— …только не говорите, что вам не хочется тряхнуть стариной.
— Вам мало сегодняшней добычи? — Джильди кивком указал на завал.
— Аппетит приходит с едой, — сообщил Рокэ. — Я так понимаю, что, будучи озабочены исходом штурма, вы позабыли о наживке.
— Три тибура на ваш гарпун! Других дел у меня не было!
— А вы, Герард?
— Я все принес, — несносный мальчишка вытащил какой-то узел, — мясо, веревку, смоляные шарики.
— Видите, Фоккио, у нас нет никаких причин откладывать охоту, — подмигнул Алва. — Вы говорили, киркореллы живут в норах, а справа какая-то дырка…
— Она и есть! — моряк ловко обвязал мясо веревкой и вдавил в черный, блестящий сгусток. — Ну, сами напросились.
Адмирал Фоккио Джильди наклонился над дыркой и неспешно поволок приманку по потрескавшейся земле, раздалось сухое шуршание.

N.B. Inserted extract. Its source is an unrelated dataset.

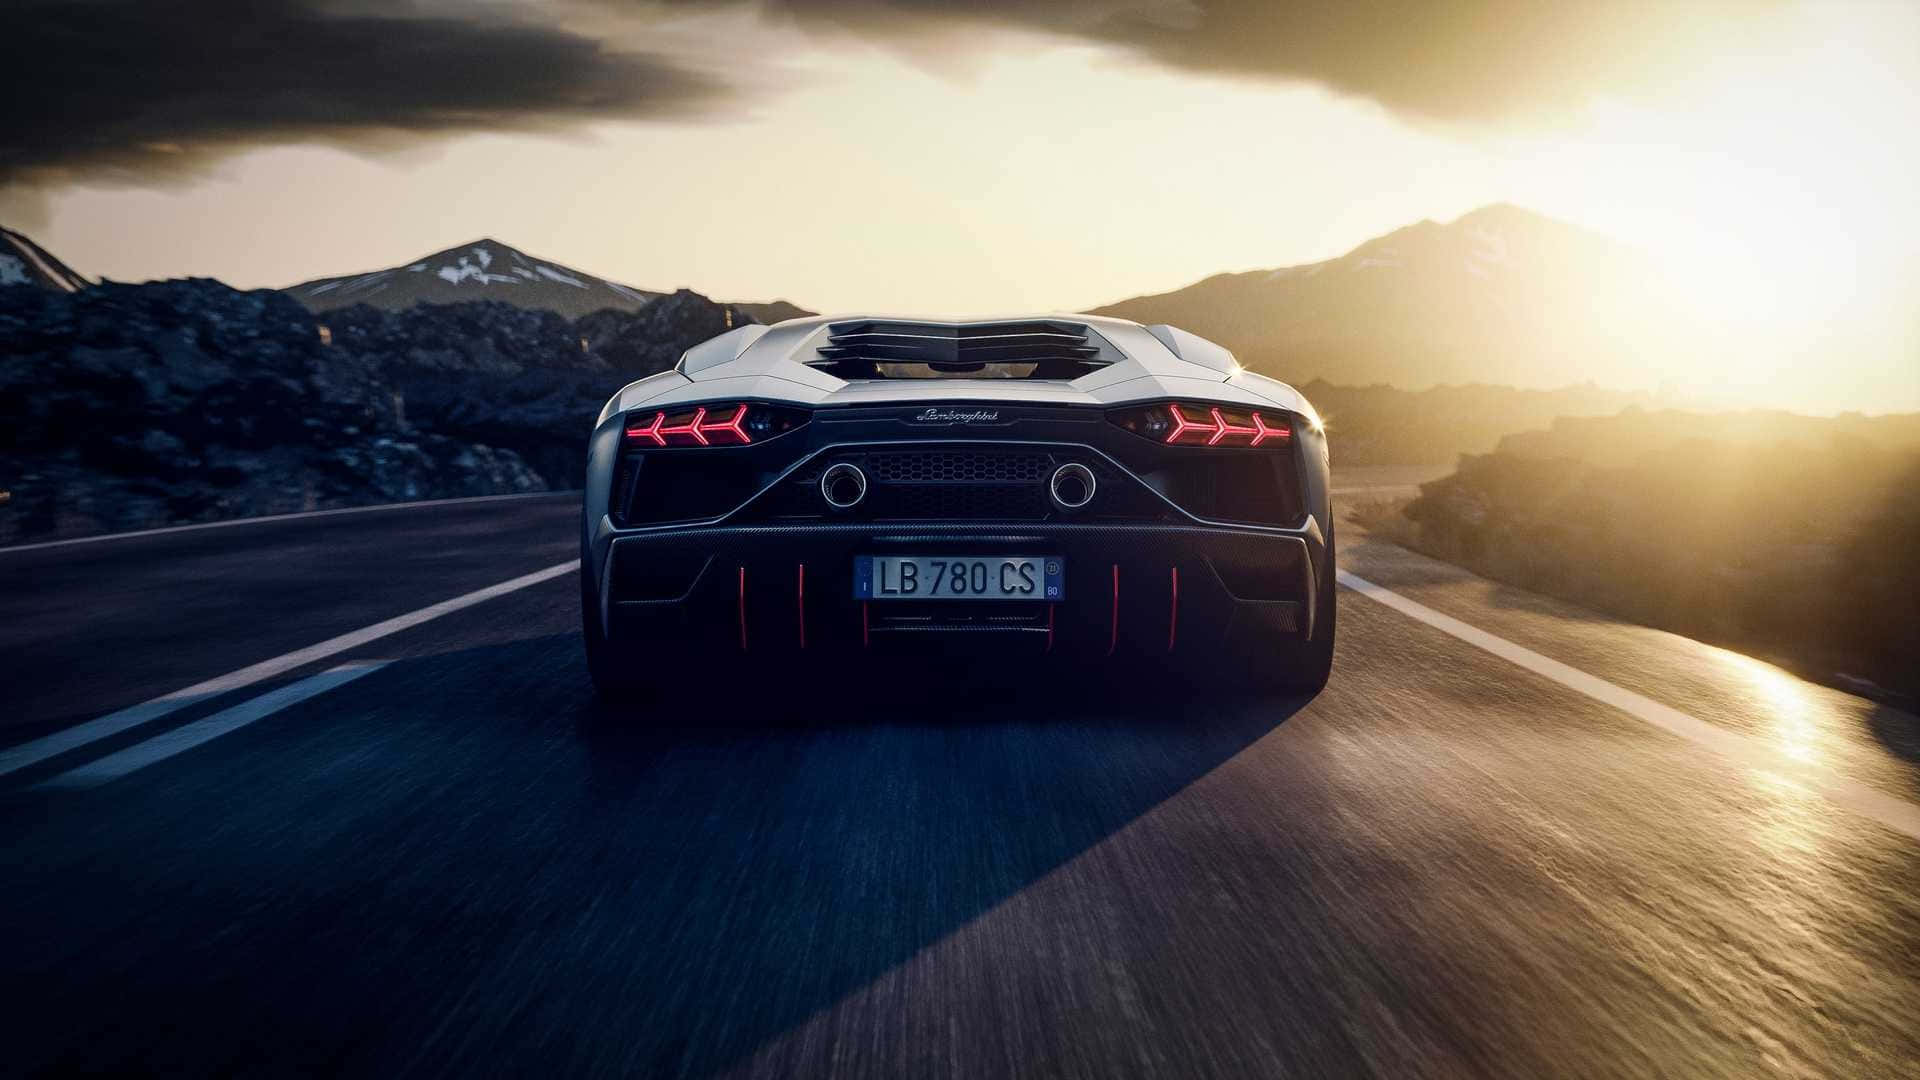 Exquisite Design - Lamborghini Aventador In Action Wallpaper
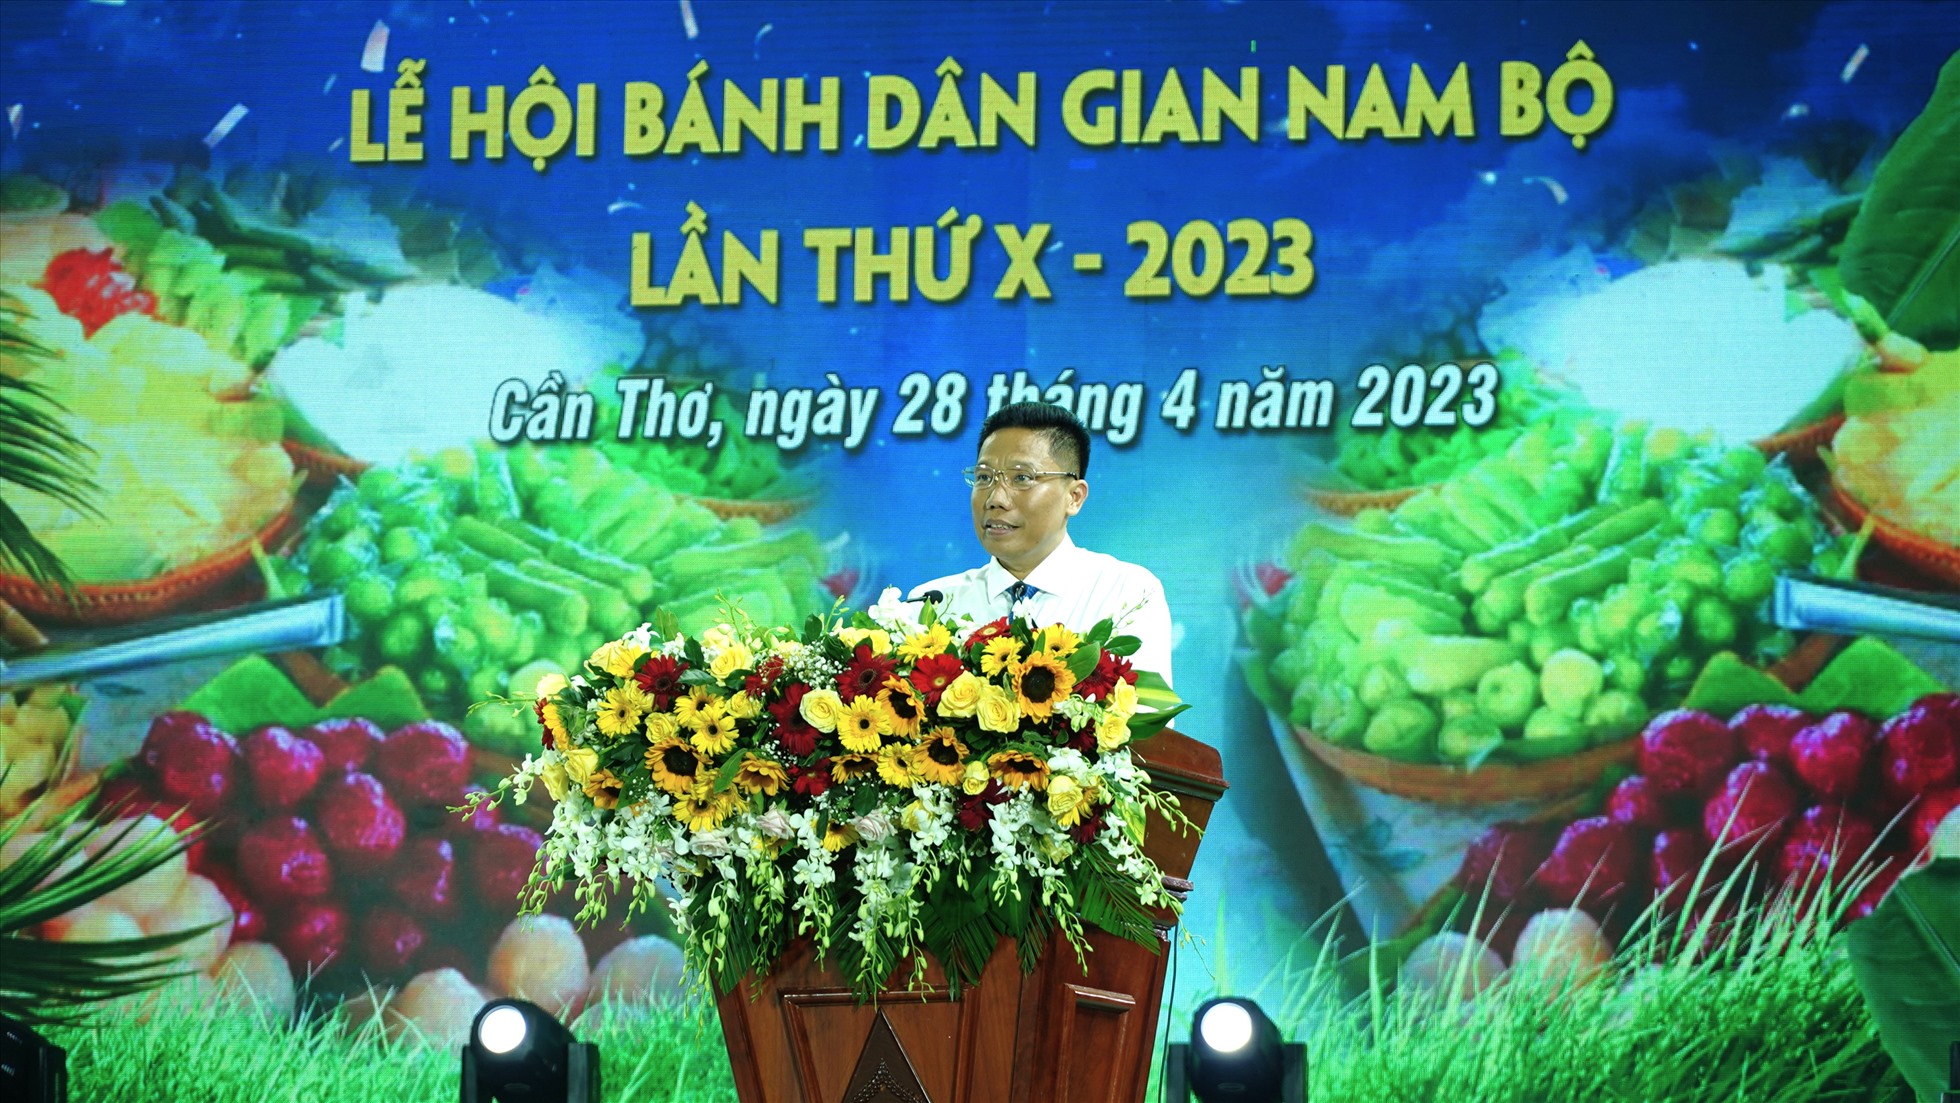 Ông Nguyễn Thực Hiện – Phó Chủ tịch UBND TP Cần Thơ phát biểu tại lễ khai mạc. Ảnh: Tạ Quang

— Любопытно, если стравить киркореллу с юным ызаргом, чья возьмет? — поинтересовался Рокэ.
— Я не видел ызаргов, — признался Валме.
— Видели, — Рокэ зевнул, — и множество… В столице…
— Вы о Штанцлере? — догадался Марсель.
— Не все кансилльеры — ызарги, — Рокэ прикрыл ладонями глаза, — и не все ызарги — кансилльеры. Стоп!
Марсель не отрывал взгляда от темного отверстия, но так и не понял, откуда выскочило нечто пыльно-серое, величиной с кулак. От неожиданности Марсель ойкнул, адмирал с довольным смешком отбросил веревку с добычей; влипший в смолу волосатый ком яростно задергался и вдруг подпрыгнул на пару бье, увлекая за собой осклизлый мясной шматок… Это было довольно неприятно.
— Какая прелесть, — Рокэ шагнул вперед. Одно движение, и серая мерзость оказалась в руках герцога. Марсель опасливо вытянул шею: Алва одной рукой держал киркореллу за спину, другой натягивал веревку, лишая тварь возможности маневра. Пленница сучила в воздухе тремя парами ног, а передние лапы и челюсти намертво увязли в смоле.
— Вечная беда, — покачал головой Алва, — разинуть рот на то, что лучше не трогать…
Киркорелла согласно дрыгнула задними лапами. Она раскаивалась.
— Смотрите, — Алва протянул паукана Марселю, и тот невольно попятился, — вроде паук пауком, а задние лапы как у саранчи.
— Оно… оно ими прыгает? — выдавил из себя Валме. В свое время на волчьей охоте виконт показал себя неплохо, но волосатая тварь вызывала оторопь.
— Задними — прыгает, передними — хватает. Очень удобно.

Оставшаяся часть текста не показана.